• **EXERCISE MATERIALS**
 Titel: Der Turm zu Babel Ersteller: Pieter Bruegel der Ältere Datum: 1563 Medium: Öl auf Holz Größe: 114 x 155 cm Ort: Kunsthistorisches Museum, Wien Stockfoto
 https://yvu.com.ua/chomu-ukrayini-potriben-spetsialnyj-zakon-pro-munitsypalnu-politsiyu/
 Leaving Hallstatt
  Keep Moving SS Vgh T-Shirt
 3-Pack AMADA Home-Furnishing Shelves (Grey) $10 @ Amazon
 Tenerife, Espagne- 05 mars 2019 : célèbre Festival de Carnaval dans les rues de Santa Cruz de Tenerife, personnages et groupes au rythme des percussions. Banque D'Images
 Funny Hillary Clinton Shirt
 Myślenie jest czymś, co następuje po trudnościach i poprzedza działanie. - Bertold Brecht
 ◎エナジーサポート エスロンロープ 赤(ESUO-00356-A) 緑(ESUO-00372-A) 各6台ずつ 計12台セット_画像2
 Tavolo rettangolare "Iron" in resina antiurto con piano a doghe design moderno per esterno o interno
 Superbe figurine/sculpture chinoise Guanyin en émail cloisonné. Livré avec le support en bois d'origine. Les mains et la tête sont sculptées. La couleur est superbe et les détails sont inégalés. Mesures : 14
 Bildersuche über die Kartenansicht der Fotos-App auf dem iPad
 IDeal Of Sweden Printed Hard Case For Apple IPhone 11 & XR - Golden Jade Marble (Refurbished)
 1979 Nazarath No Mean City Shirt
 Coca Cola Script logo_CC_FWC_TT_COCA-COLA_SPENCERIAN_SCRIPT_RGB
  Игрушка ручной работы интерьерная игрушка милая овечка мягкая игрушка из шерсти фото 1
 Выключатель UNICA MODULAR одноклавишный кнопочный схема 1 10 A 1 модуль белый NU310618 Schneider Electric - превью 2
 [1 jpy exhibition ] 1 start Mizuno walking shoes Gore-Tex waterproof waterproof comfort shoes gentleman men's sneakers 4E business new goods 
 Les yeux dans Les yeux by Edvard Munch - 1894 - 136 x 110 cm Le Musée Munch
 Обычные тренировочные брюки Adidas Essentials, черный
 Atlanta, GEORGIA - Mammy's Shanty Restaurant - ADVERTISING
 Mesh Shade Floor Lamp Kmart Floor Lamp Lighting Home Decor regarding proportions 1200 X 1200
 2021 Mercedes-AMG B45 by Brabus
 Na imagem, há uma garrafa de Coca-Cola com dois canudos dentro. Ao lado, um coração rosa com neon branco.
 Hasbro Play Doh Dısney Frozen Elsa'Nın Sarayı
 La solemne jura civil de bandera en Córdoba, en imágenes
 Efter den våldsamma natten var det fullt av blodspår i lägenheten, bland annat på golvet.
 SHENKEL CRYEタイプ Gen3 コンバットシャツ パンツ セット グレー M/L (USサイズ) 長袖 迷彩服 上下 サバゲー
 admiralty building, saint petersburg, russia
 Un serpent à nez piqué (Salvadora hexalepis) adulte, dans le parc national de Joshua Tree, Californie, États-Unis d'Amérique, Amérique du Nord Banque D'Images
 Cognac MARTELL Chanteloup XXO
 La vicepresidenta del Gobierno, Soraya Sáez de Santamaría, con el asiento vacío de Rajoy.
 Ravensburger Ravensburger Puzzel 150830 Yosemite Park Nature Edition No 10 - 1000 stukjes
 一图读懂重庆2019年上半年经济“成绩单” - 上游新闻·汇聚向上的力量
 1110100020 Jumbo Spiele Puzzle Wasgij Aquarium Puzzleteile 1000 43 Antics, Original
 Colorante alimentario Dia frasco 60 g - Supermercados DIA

• **EXERCISE BRIEF**
Write out every line of the material again, exactly as it reads.

• **RESPONSE TO THIS EXERCISE**
 Titel: Der Turm zu Babel Ersteller: Pieter Bruegel der Ältere Datum: 1563 Medium: Öl auf Holz Größe: 114 x 155 cm Ort: Kunsthistorisches Museum, Wien Stockfoto
 https://yvu.com.ua/chomu-ukrayini-potriben-spetsialnyj-zakon-pro-munitsypalnu-politsiyu/
 Leaving Hallstatt
  Keep Moving SS Vgh T-Shirt
 3-Pack AMADA Home-Furnishing Shelves (Grey) $10 @ Amazon
 Tenerife, Espagne- 05 mars 2019 : célèbre Festival de Carnaval dans les rues de Santa Cruz de Tenerife, personnages et groupes au rythme des percussions. Banque D'Images
 Funny Hillary Clinton Shirt
 Myślenie jest czymś, co następuje po trudnościach i poprzedza działanie. - Bertold Brecht
 ◎エナジーサポート エスロンロープ 赤(ESUO-00356-A) 緑(ESUO-00372-A) 各6台ずつ 計12台セット_画像2
 Tavolo rettangolare "Iron" in resina antiurto con piano a doghe design moderno per esterno o interno
 Superbe figurine/sculpture chinoise Guanyin en émail cloisonné. Livré avec le support en bois d'origine. Les mains et la tête sont sculptées. La couleur est superbe et les détails sont inégalés. Mesures : 14
 Bildersuche über die Kartenansicht der Fotos-App auf dem iPad
 IDeal Of Sweden Printed Hard Case For Apple IPhone 11 & XR - Golden Jade Marble (Refurbished)
 1979 Nazarath No Mean City Shirt
 Coca Cola Script logo_CC_FWC_TT_COCA-COLA_SPENCERIAN_SCRIPT_RGB
  Игрушка ручной работы интерьерная игрушка милая овечка мягкая игрушка из шерсти фото 1
 Выключатель UNICA MODULAR одноклавишный кнопочный схема 1 10 A 1 модуль белый NU310618 Schneider Electric - превью 2
 [1 jpy exhibition ] 1 start Mizuno walking shoes Gore-Tex waterproof waterproof comfort shoes gentleman men's sneakers 4E business new goods 
 Les yeux dans Les yeux by Edvard Munch - 1894 - 136 x 110 cm Le Musée Munch
 Обычные тренировочные брюки Adidas Essentials, черный
 Atlanta, GEORGIA - Mammy's Shanty Restaurant - ADVERTISING
 Mesh Shade Floor Lamp Kmart Floor Lamp Lighting Home Decor regarding proportions 1200 X 1200
 2021 Mercedes-AMG B45 by Brabus
 Na imagem, há uma garrafa de Coca-Cola com dois canudos dentro. Ao lado, um coração rosa com neon branco.
 Hasbro Play Doh Dısney Frozen Elsa'Nın Sarayı
 La solemne jura civil de bandera en Córdoba, en imágenes
 Efter den våldsamma natten var det fullt av blodspår i lägenheten, bland annat på golvet.
 SHENKEL CRYEタイプ Gen3 コンバットシャツ パンツ セット グレー M/L (USサイズ) 長袖 迷彩服 上下 サバゲー
 admiralty building, saint petersburg, russia
 Un serpent à nez piqué (Salvadora hexalepis) adulte, dans le parc national de Joshua Tree, Californie, États-Unis d'Amérique, Amérique du Nord Banque D'Images
 Cognac MARTELL Chanteloup XXO
 La vicepresidenta del Gobierno, Soraya Sáez de Santamaría, con el asiento vacío de Rajoy.
 Ravensburger Ravensburger Puzzel 150830 Yosemite Park Nature Edition No 10 - 1000 stukjes
 一图读懂重庆2019年上半年经济“成绩单” - 上游新闻·汇聚向上的力量
 1110100020 Jumbo Spiele Puzzle Wasgij Aquarium Puzzleteile 1000 43 Antics, Original
 Colorante alimentario Dia frasco 60 g - Supermercados DIA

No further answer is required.